I would be failing in my duty as a citizen of this country if I don't pause to record my gratitude to our media for the extraordinary display of courage and exercise of their right to freedom of expression entrenched in section 16 of our Constitution. Without any fear of contradiction I say, that in the exercise of its freedom of expression, which includes "freedom of the press and other media" and "freedom to receive or impart information or ideas", our media has courageously exposed wrongdoing by the government and its functionaries and held it accountable. You have truly done a sterling job. The importance and benefits of doing so are all around for all to see. For that you have been well and deservedly praised.
The challenge is that much more needs to be done. With the same rigour, courage and creativity you need to identify other national destiny-defining powers that must be urgently exposed and held to account.
To do justice to the topic I was given requires a particular understanding of the concepts and issues that flow from the terminology employed here.
"The importance." Important to whom? And what are the real bases for asserting or concluding that certain people, interests or every well-meaning person would be a beneficiary of exposing or holding power to account? How exactly are they lightly to benefit from what we do? Much more than a superficial, run-of-the-mill reflection on this, and other issues is called for.
"Courageous and free" also assumes the existence of formidable opposition or restrictions from those with the ability to oppose and limit the execution of one's legitimate mandate effectively or in a meaningful way. And the immediate question is who has what it takes to pose that threat.
What struck me with the word "power" was what or who immediately comes to mind every time the word "power" is mentioned. Do we think or assume or take it as a reality that there is only one centre of power? Or do several repositories of real power immediately occupy our thoughts, when the word "power" is mentioned?
From where I stand, there are far too many factors at play in determining who to expose and hold accountable, what real benefit, if any, that exercise is lightly to yield and to whom. The "power" to be exposed or held accountable seems to occupy centre-stage in the topic I have been asked to address. And that "power" is context or situation-specific.
The context and setting in addressing this issue properly, differs from country to country and moment in history to moment in history.
The superficiality now in vogue and its enabling narratives, that the past be ignored, and focus should only be on the post-independence era is not only disingenuous and overly protectionist, but also a threat to finding enduring solutions to problems that plague South Africa, Africa and the rest of the developing world. No wonder we are still trying to grapple with matters in relation to which we should already have made a lot of progress.
It is essential to trace powers historically and currently at play in entrenching the poverty, indignity, dispossession, disunity of the African people and the perpetuation of their dependencies, and the corruption of some of those who govern.
Which power needs to be exposed or held accountable in South Africa or the rest of Africa for indigenes to derive optimum benefit from that exercise?
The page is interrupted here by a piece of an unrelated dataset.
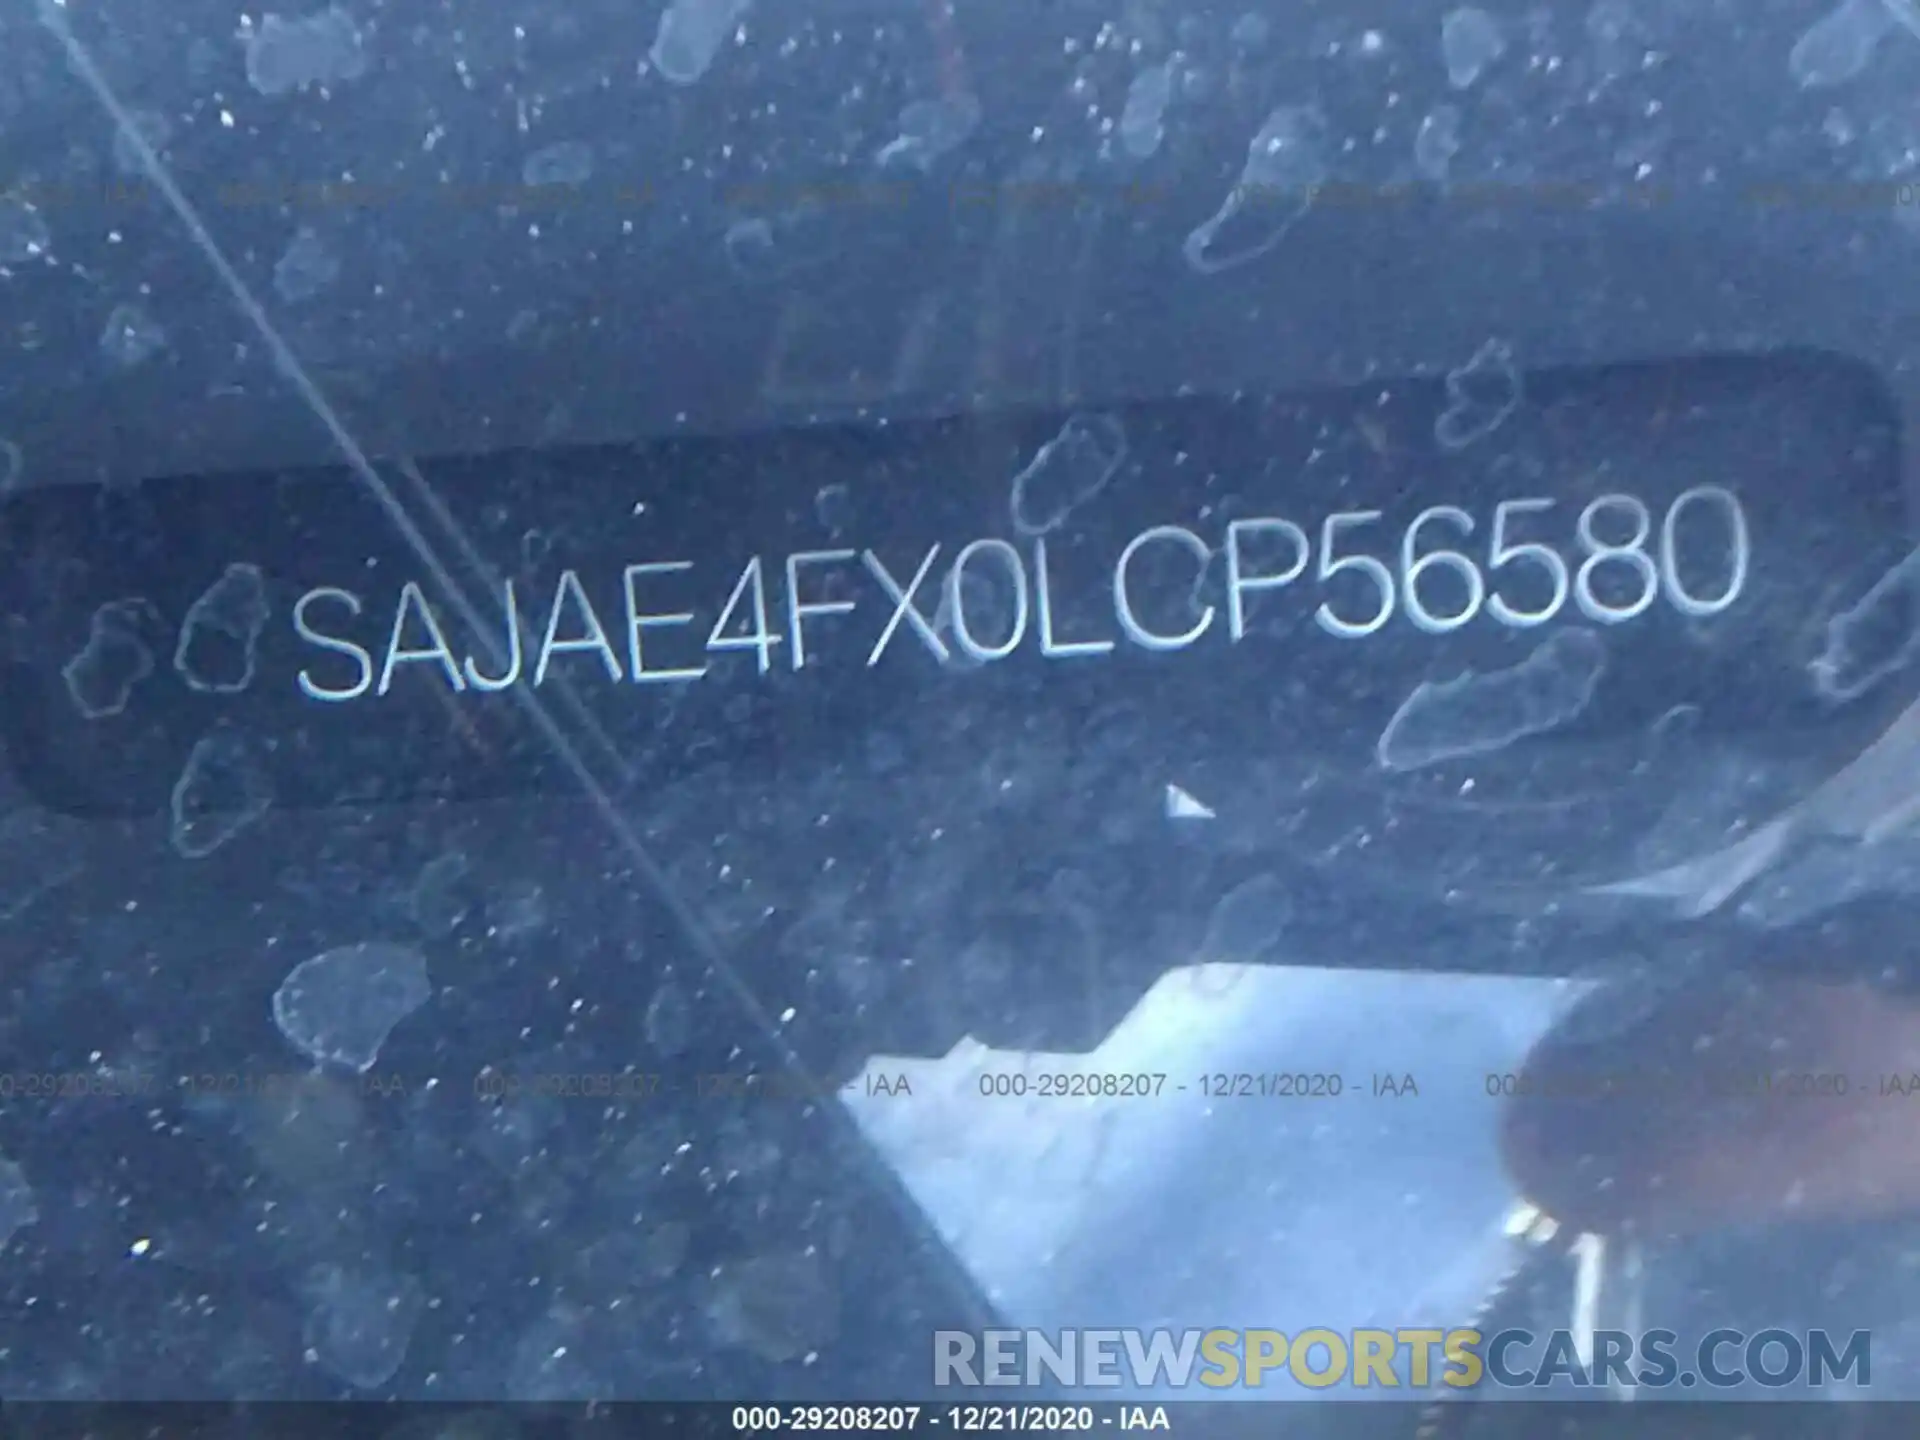 9 Photograph of a damaged car SAJAE4FX0LCP56580 JAGUAR XE 2020

In other words, what are the crucial and urgent challenges that confront South Africans and Africans whose resolution could be paralysed by the lack of courage or freedom by the media, to expose or hold accountable any power that could but doesn't want to bring about the necessary change?
It appears that there are powerful forces behind the major problems that have plagued and continue to plague South Africa, Africa and the rest of the developing world over the years. Poor governance, racial and gender discrimination, wealth disparities along racial lines, virtual landlessness and control of the economy and lack of meaningful participation by the previously disadvantaged are but some of those important challenges that require serious and urgent attention. The power behind them also needs a courageous and free media to expose and hold accountable.
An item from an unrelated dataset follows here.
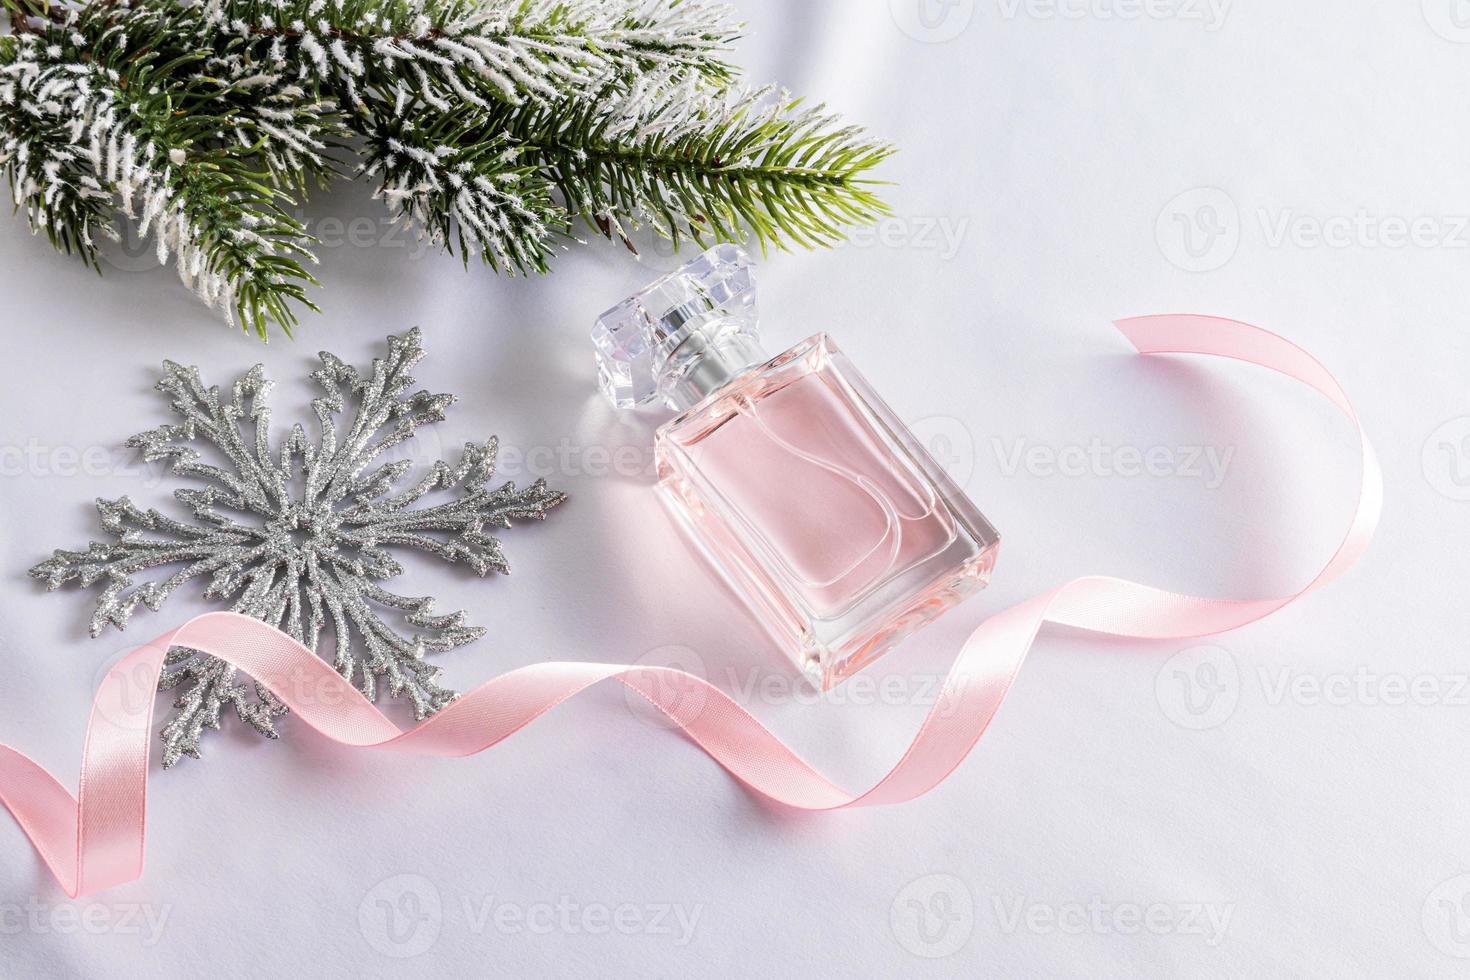 um frasco de perfume feminino floral no fundo das decorações de natal. o conceito de apresentação de um novo ano de uma fragrância ou presente. foto

But, these problems will forever be synonymous to South Africa and Africa as long as we all resign ourselves to being superficial in grappling with them or choose to know and confine ourselves to our place, in dealing with these issues. To be truly effective in exposing and holding all real powers accountable, we must seek to know those powers, what sustains them and why they may never let go.
I again begin, as I recently often do, with the loaded words of Lord Macaulay on 2 February 1835 while he was addressing the British parliament. He said:
"I have travelled across the length and breadth of Africa and I have not seen one person who is a beggar, who is a thief such wealth I have seen in this country, such high moral values, people of such calibre, that I do not think we would ever conquer this country, unless we break the very backbone of this nation, which is her spiritual and cultural heritage and therefore, I propose that we replace her old and ancient education system, her culture, for if the Africans think that all that is foreign and English is good and greater than their own, they will lose their self-esteem, their native culture and they will become what we want them, a truly dominated nation."
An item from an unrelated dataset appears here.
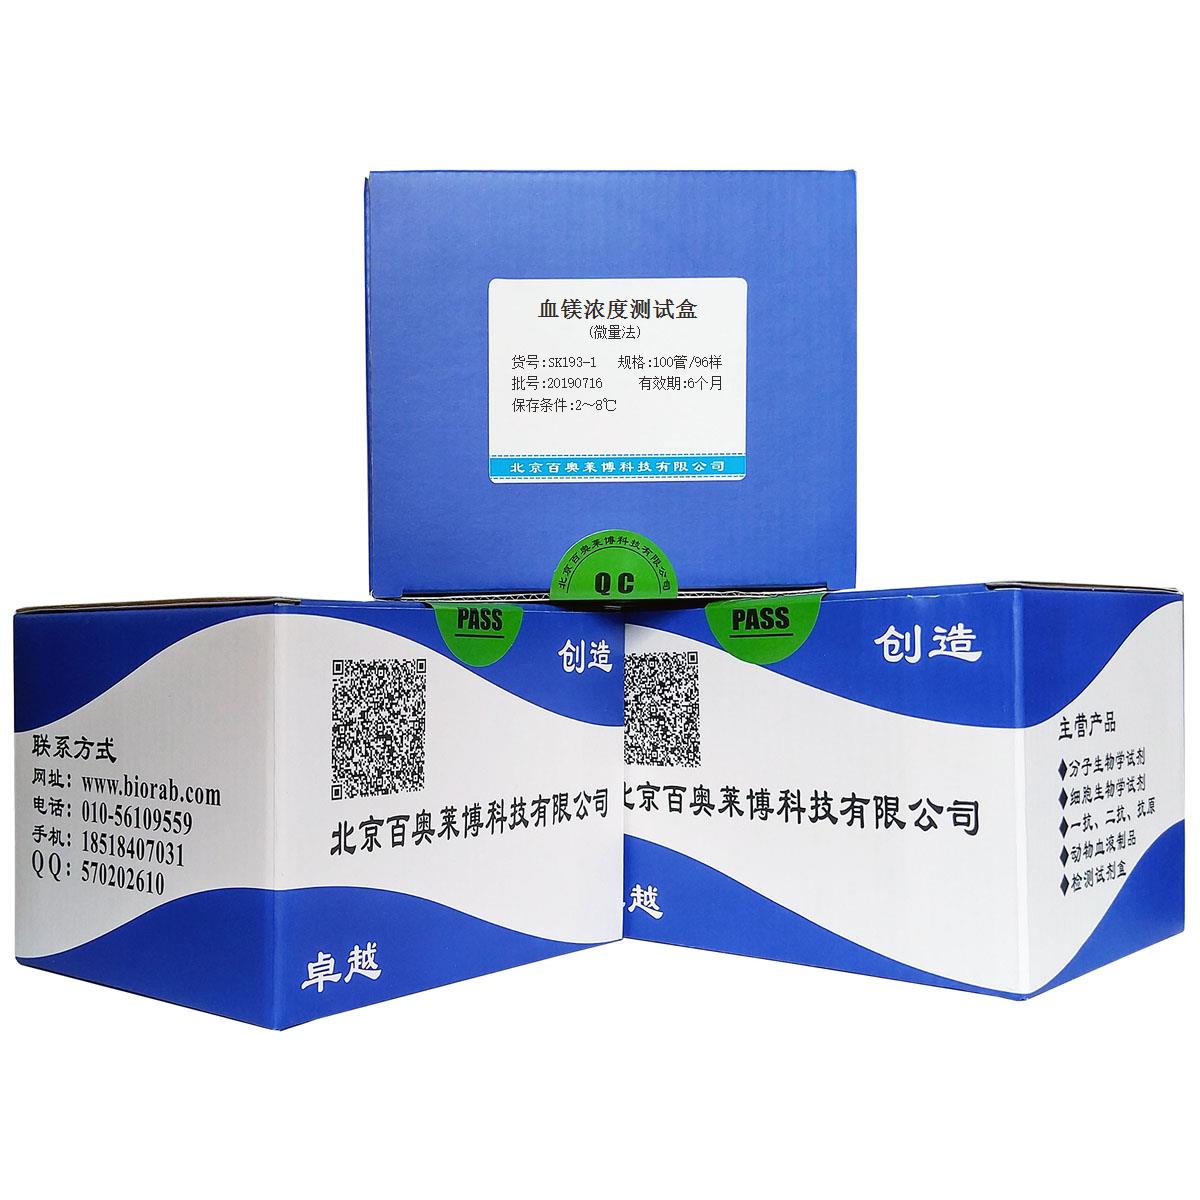 血镁浓度测试盒(微量法)北京现货

So, the much talked-about poverty, unemployment and inequality did not just happen. The contentment, abundant supplies of the needs of the African people, their cultural and educational heritage was deliberately destroyed by a colonial power to entrench poverty, unemployment and inequality. Crime and corruption, according to Lord Macaulay, was virtually non-existent. There was no theft, he said. The high moral values upheld and the calibre of the people of Africa struck him as being so essential to the sufficiency or prosperity, morality, peace and virtual absence of crime, that it all had to be destroyed to reduce the people to the level of poverty, helplessness, criminality and absolute dependency that they have been brought down to, over the years. The very backbone of their being and success had to be broken. Otherwise, Africa would never have been as poor, run down and despised as it is.
Lord Macaulay said Africans had to be made what colonial powers wanted them to be – people of low self-esteem, a truly defeated people who believe that everything about them was inferior and everything English or foreign was best and superior. African people had to be and were reduced to a defeated people – beggars for foreign aid or favour, from those who shamelessly took their wealth to enrich themselves.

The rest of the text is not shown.